A complete Greek pension forecast adds four income streams: EFKA main pension (based on insurance years and earnings), ETEAEP supplementary pension (based on notional accounts), private pension plan monthly payouts (from third-pillar contracts), and investment portfolio withdrawals (at the safe withdrawal rate). Together these determine whether your retirement income meets your lifestyle needs.

Example calculation

EFKA: 850 EUR/month. ETEAEP: 120 EUR/month. Private pension: 150 EUR/month. Portfolio 150,000 EUR at 4% SWR: 6,000/year = 500 EUR/month. Total: 1,620 EUR/month. On a pre-retirement salary of 2,500 EUR, the replacement rate is 65%. With the EFKA pension alone: 34%. Private savings add 31 percentage points of replacement.

Tips and considerations

Run this forecast 10 to 15 years before your expected retirement to identify any shortfall early. A gap between your target replacement rate (typically 70% to 80%) and the projected figure is best closed by increasing private savings now. Review every 3 to 5 years as career and income changes affect your EFKA entitlement.
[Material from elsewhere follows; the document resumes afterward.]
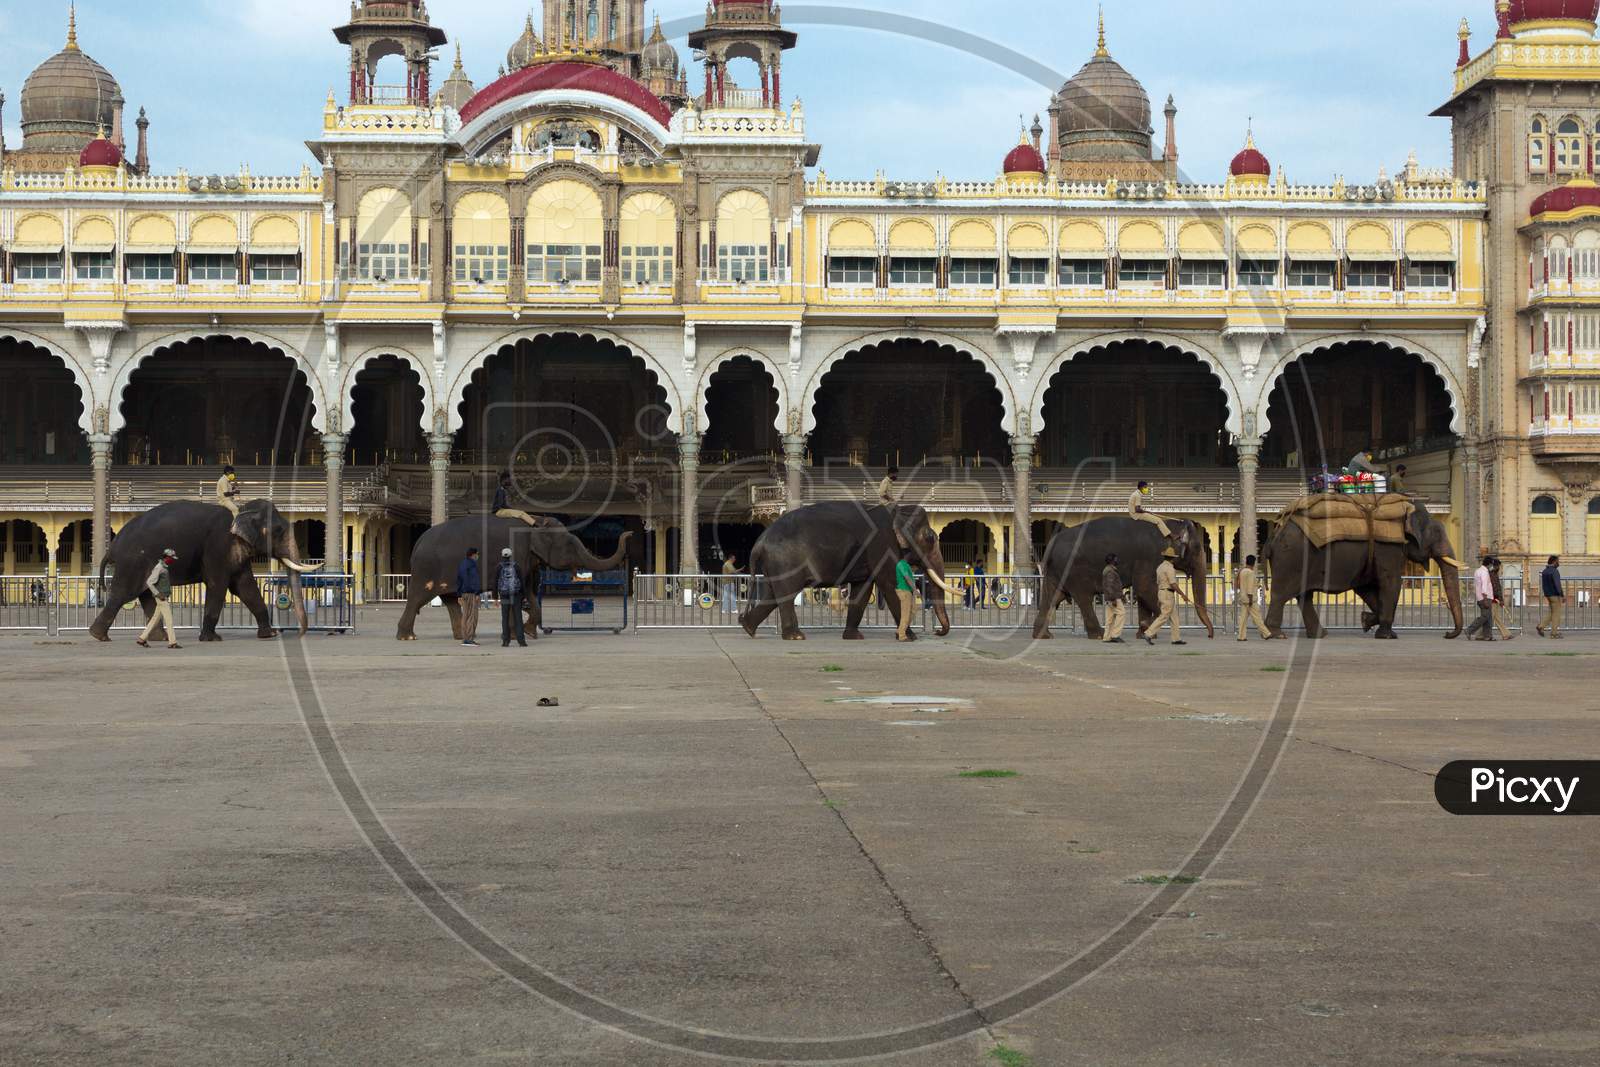 A Elegant view of the Elephants paraded during early morning for the Dasara festival rehearsal at Ambavilas Palace in Mysore city of Karnataka.

Frequently asked questions

What is the typical replacement rate for a Greek worker retiring at 67?
The replacement rate is the ratio of retirement income to pre-retirement employment income. For a Greek worker with 35 years of contributions at the average wage, the EFKA main pension provides roughly 50% to 60% of their pre-retirement salary. Adding the ETEAEP supplementary pension increases this to perhaps 55% to 65%. Workers who also have private pension savings or an investment portfolio can reach 70% to 85% replacement rates. The EU target for adequate pensions is 70% net replacement. Greece's state pension system alone falls slightly below this for average earners, making private savings important.
How are pension incomes taxed together in Greece?
All pension income (EFKA, ETEAEP, and private pension annuities) is aggregated and taxed under the same 5-bracket progressive income tax system as employment income (9% to 44%). The resident tax credit of up to 777 EUR applies. A healthcare contribution of 6% is also withheld from pension income by EFKA. Private pension annuity payments from authorised Greek insurers are added to the pension total and taxed at the same rates. Investment portfolio withdrawals (by selling ETF units or receiving dividends) are taxed at their own flat rates (15% CGT, 5% dividends) separately from pension income.
When does ETEAEP supplementary pension start and how is it paid?
The ETEAEP supplementary pension is typically paid from the same date as the EFKA main pension (age 62 or 67 depending on eligibility). It is paid monthly alongside the EFKA main pension, usually to the same bank account. The ETEAEP notional account balance accumulated during your working life is converted into a monthly annuity using an actuarial divisor set by ETEAEP. You cannot take the ETEAEP supplementary pension as a lump sum; it is always paid as a monthly income.
Can I receive both a Greek EFKA pension and a foreign pension?
Yes, Greek residents can receive both EFKA and a foreign pension (for example from a former job in Germany, the UK, or another EU country). EU Regulation 883/2004 coordinates social security rights across EU member states, allowing pension rights accumulated in different countries to be totalled for eligibility purposes. Each country pays its proportional share of the pension. Foreign pensions received by Greek residents are declared on Form E1 and taxed in Greece (with a credit for any foreign tax withheld). The 7% flat tax regime for qualifying foreign retirees (Article 5A) is an option worth exploring if the foreign pension is substantial.